How to use LIgO for repertoire-level simulation
-------------------------------------------------

Simulation of BCR repertoires labeled with two immune events
==============================================================

In this quickstart tutorial, we will generate a dataset of 20 BCR repertoires, with each repertoire containing 6 BCRs, as follows (see the illustration below):

- 10 repertoires labeled as immune event 1 and consist of 30% BCRs with signal 1 and 30% BCRs with signal 2;

- 10 repertoires labeled as immune event 2 and consist of 50% BCRs with signal 1 and 50% BCRs with signal 2. 

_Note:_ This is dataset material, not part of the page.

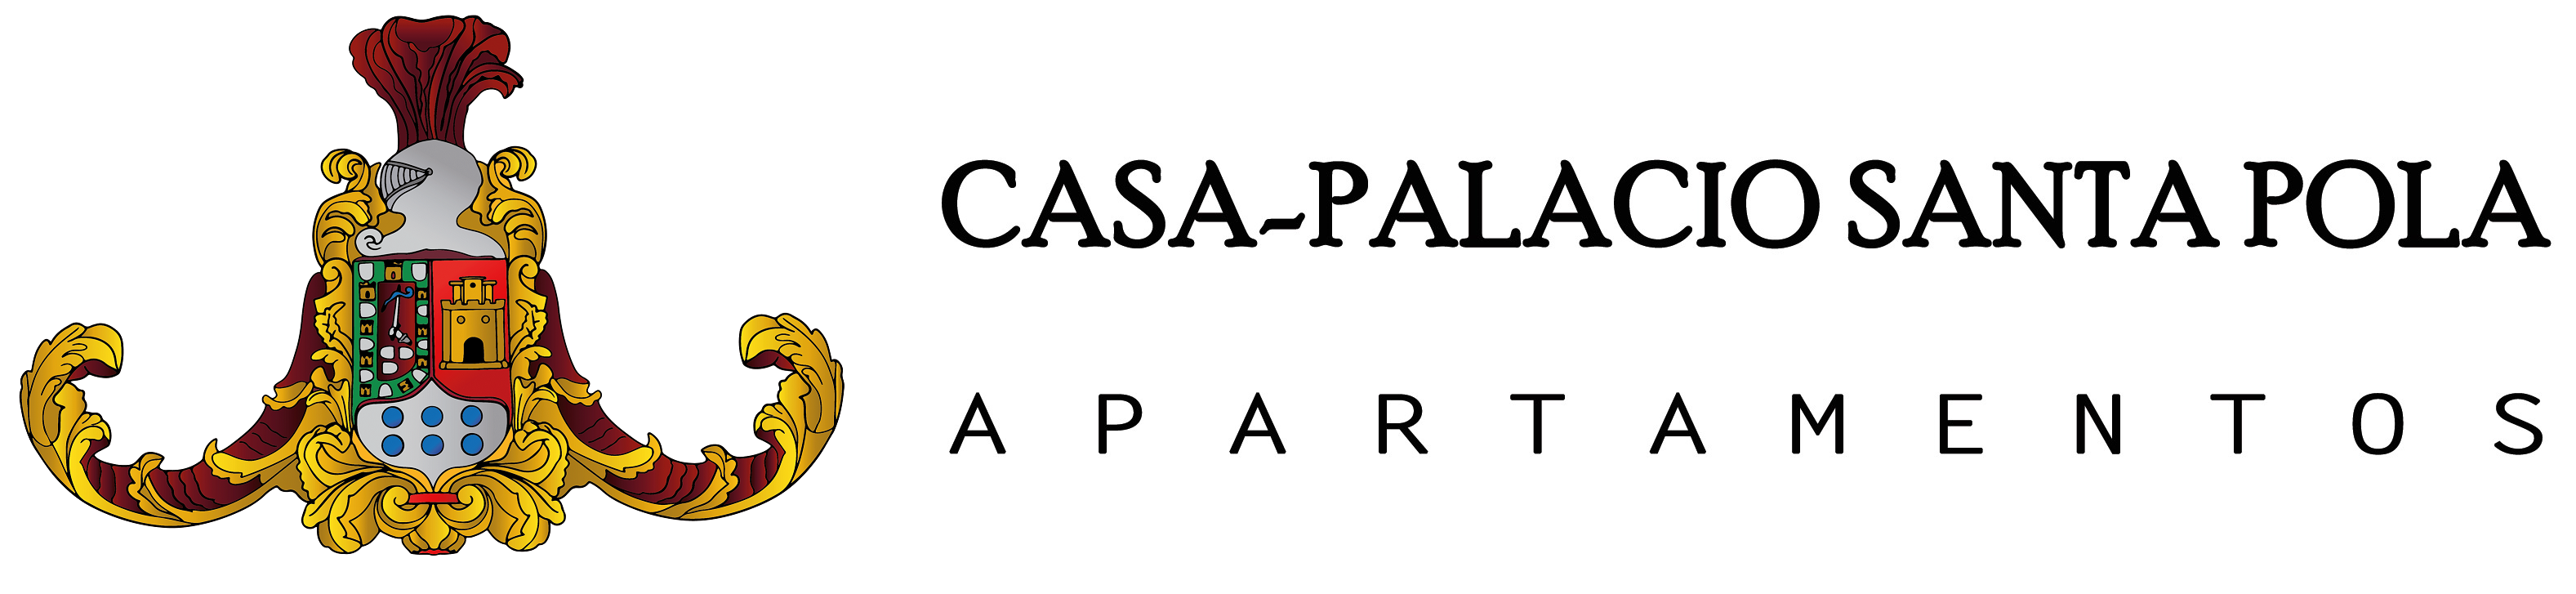 Casa-Palacio Santa Pola

We define signal 1 and signal 2 as follows (see the illustration below):

- Signal 1 is composed of a 2-mer {AA};

- Signal 2 is composed of a 2-mer {GG}. 

Signal-specific BCRs will be generated using the signal implantation strategy, where any implanting position is allowed, and the default OLGA model (humanIGH). If you also want to report the generation probabilities (pgen) of the simulated receptors according to the default OLGA humanTRB model, set the :code:`export_p_gens` parameter to true. Please keep in mind that pgen evaluation may take time. 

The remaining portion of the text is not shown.